Re: (OPE-L) Re: tendencies for equalization

From: Rakesh Bhandari (bhandari@BERKELEY.EDU)
Date: Thu Sep 30 2004 - 14:28:47 EDT


Drawing on Maurice Dobb,  one could offer an explanation for widening
income differentials between the skilled and the unskilled other than
skill intensive technological change.  That technical change can have
the effect of reducing the amount of labor required to produce a
certain output does not mean of course mean the absolute level of
employment will drop off. If demand is sufficiently elastic, the
cheapening of the output may of course enable a sufficient expansion
of output to maintain or even raise the absolute level of employment.
But the elasticity of demand is likely to increase only if income
increases first. Which leads us to the obvious question of how the
expansion of output can be under way if the initial effect of the
technique is to reduce employment.
Now the answer to this lies in the stimulation the new technique
gives to investment--Dobb draws from Joan Robinson here. Since by
their utilization capitalists can put more power behind "the elbows
[or fingers] of workers", i.e., raise productivity and therewith
relative surplus value, there is demand for the new techniques. This
should mean more employment in the machine making sector, which (I
assume following James Galbraith) is relatively skill intensive. An
investment boom, then induced by the availability of new technique
the assimilation of which will raise the ratio of machine to largely
unskilled labor, should raise the wages of skilled to unskilled labor.

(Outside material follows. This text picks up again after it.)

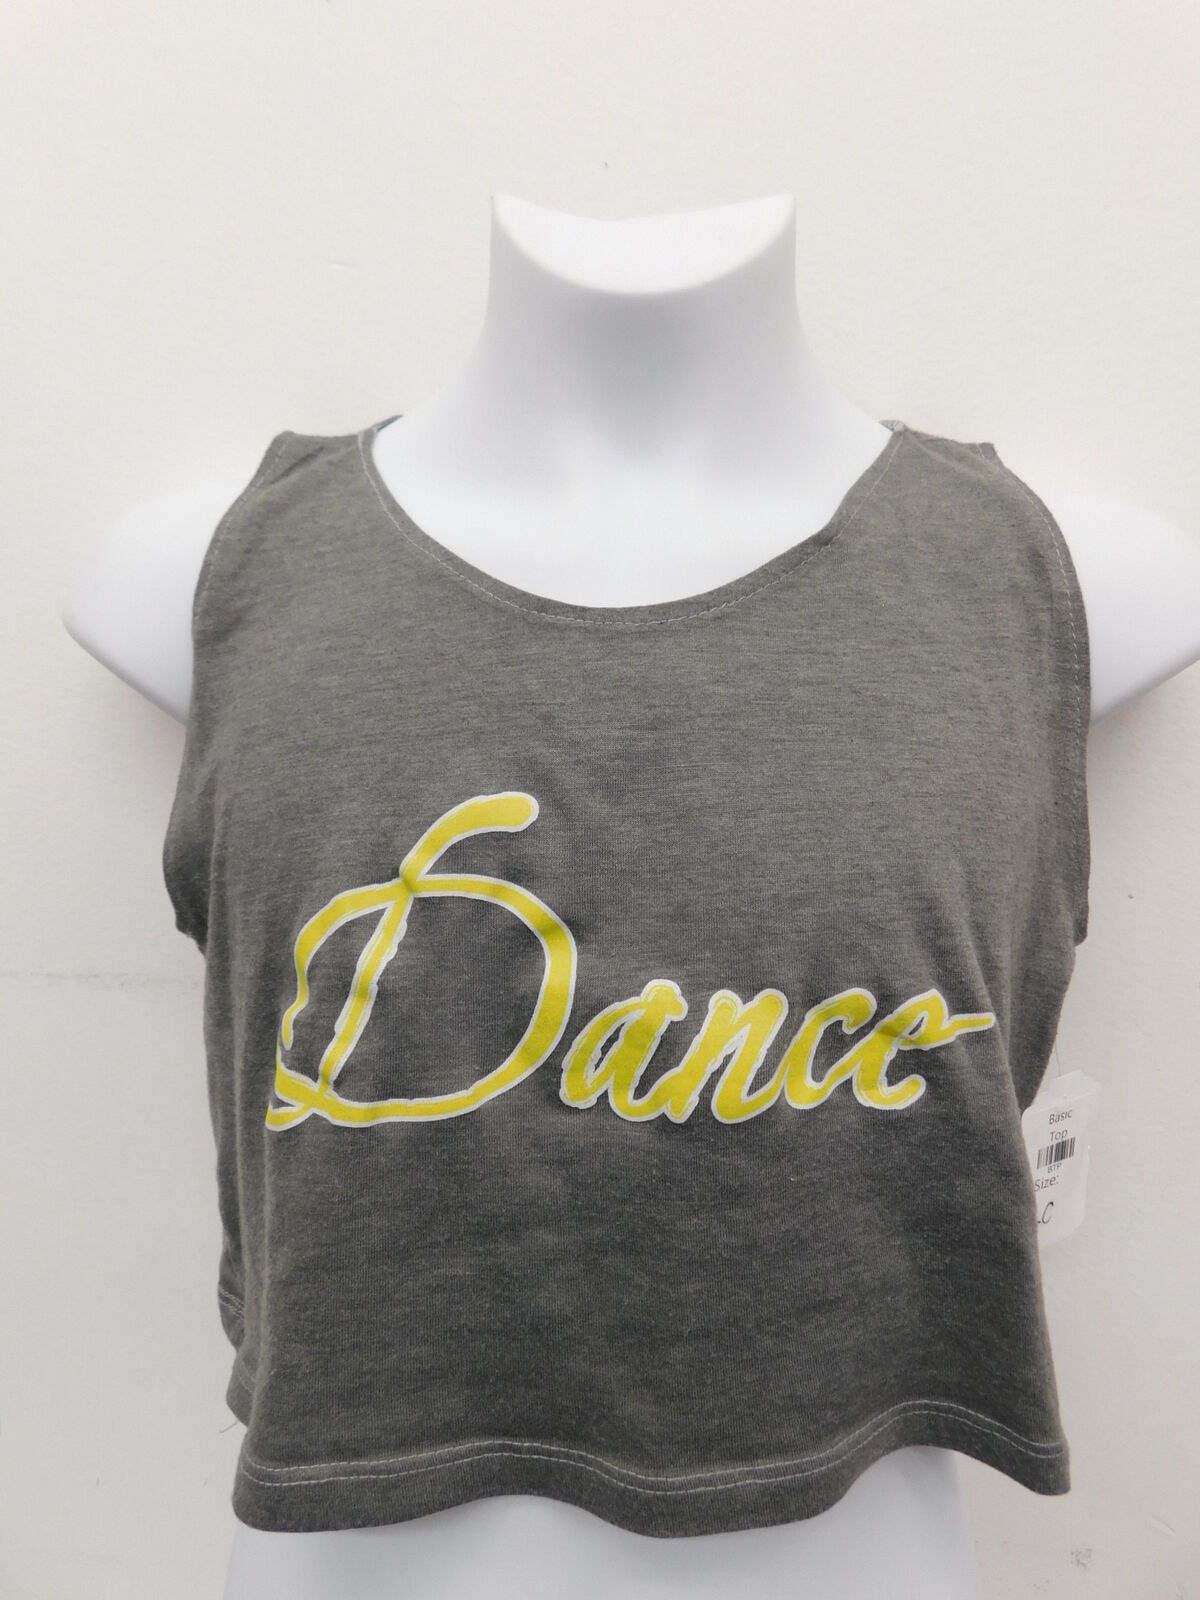 Dance Costume Unbranded  Large Child Grey  Top Tank Dance

However, a boom may also attenuate the skill premium. If it is strong
enough, it should induce more workers to "skill" themselves and
employers to draw from the pool of the unskilled and train them on
the job. At any rate, with the increased employment in the machine
making sector--and the addition of income related to these trades--
demand for all other goods and therewith wages all around should
increase as well. The building up of capital stock, while in itself
raising the skill premium, should however have a buoyant influence on
total employment and income, which may attenuate said premium.
However, once the process of building up is over, less direct labor
is indeed now required to produce a given level of output and with
the drop off in the new demand provided by surging skill-intensive
employment in the machine making sector, the elasticity of demand is
reduced from the reduction of income; thus,  an oversupply of
unskilled labor may now well develop, driving wages down
precipitously from competition and the shift of workers to less
renumerative sectors. Of course the slow down in the demand for the
output of the machine making sector may lead to reduction in the
wages of skilled workers as well, but one suspects that their fall
may not be as steep as for unskilled workers who will be in no
position to upgrade themselves, thus relieving skilled workers of
greater competition: they will have become more of a non-competing
group.  In short, the skill premium may be greatest at the point
technological change has petered out.